Use loans and credit cards strategically

Whether you decide to start your own business or head back to college to facilitate your career change, you have to figure out how to pay for it. We already mentioned how student loans work well for college tuition and materials, and are worth pursuing in many circumstances. This is because federal student loans have low, fixed interest rates, and you can delay payments until after you’ve graduated.

Because such loans are generally not dischargeable in bankruptcy, however, you’re usually stuck with them until you pay in full. Private student loans can help, too, but their rates are often higher than federal loans.

Credit cards can also be used for your education, but they work best when you have a plan to avoid interest on purchases. If you can earn rewards along the way, that’s another major benefit to consider.
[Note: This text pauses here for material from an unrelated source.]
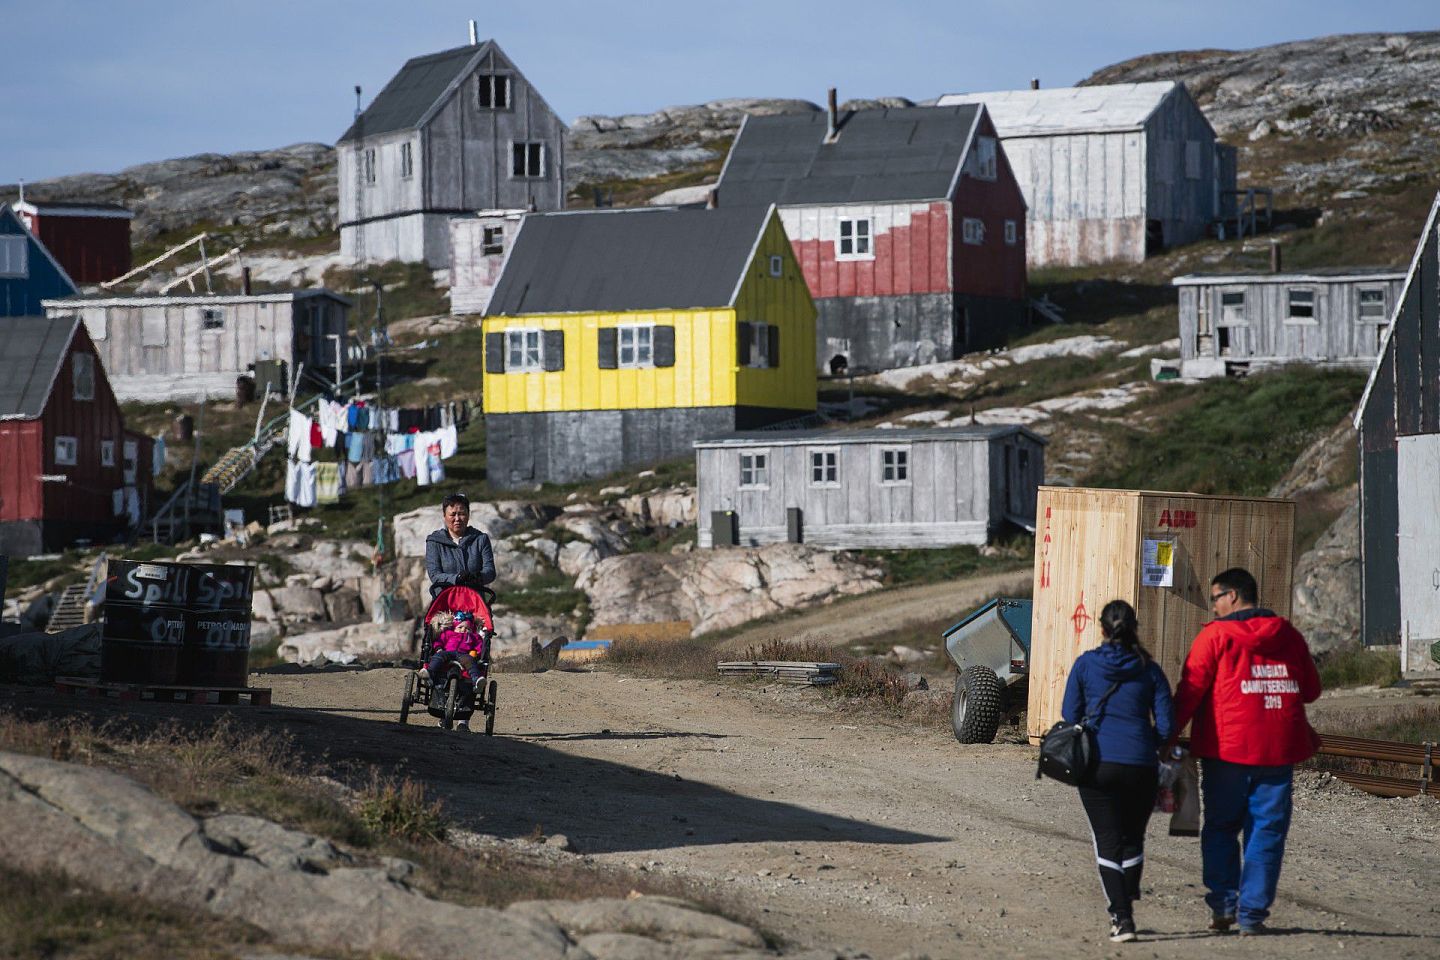 格陵兰岛蕴含石油、天然气与稀土等天然资源。美国总统特朗普（Donald Trump）曾提出购买格陵兰岛的建议。（AFP）

Which credit cards are best for a career change? Consider the following options:

  • Wells Fargo Reflect® Card: The Wells Fargo Reflect® Card gives you 21 months of interest-free financing through a 0 percent intro APR for 21 months from account opening on purchases and qualifying balance transfers (variable APR of 18.24 percent, 24.74 percent or 29.99 percent applies after the introductory period; balance transfers must be completed within 120 days of account opening to qualify and fees apply). There’s no annual fee, either.
  • Capital One SavorOne Cash Rewards Credit Card: The Capital One SavorOne Cash Rewards credit card, which offers a 0 percent intro APR on new purchases for 15 months (followed by a variable APR between 19.99 percent and 29.99 percent), is also worth a look. This card also offers 5 percent cash back on hotels and car rentals booked through Capital One Travel, 3 percent back on dining, entertainment, popular streaming services and at grocery stores and 1 percent back on other purchases with no annual fee.
  • Capital One Spark Classic for Business*: If your next professional step is to launch your own business, the right accounts will be instrumental in building your business credit and helping you get funding. The Capital One Spark Classic for Business is a solid option for new start-ups because it only requires fair credit, it has no annual fee and cardholders earn 1 percent cash back on all purchases. Plus, if you need to travel for work, this card offers 5 percent cash back on hotels and rental cars booked through Capital One Travel.

The bottom line

The right credit card can help you fund a range of expenses related to switching careers, whether you decide to go back to college, you want to earn a new certification or you prefer to branch out with your own small business instead.

That said, credit cards can be an expensive borrowing option over the long haul, so you won’t want to charge expenses you need years to pay back. If you need to borrow money for college or a certification and you prefer to make payments over the longterm, you should look at federal student loan options instead.

*The information about the Capital One Spark Classic for Business has been collected independently by Bankrate.com. The card details have not been reviewed or approved by the card issuer.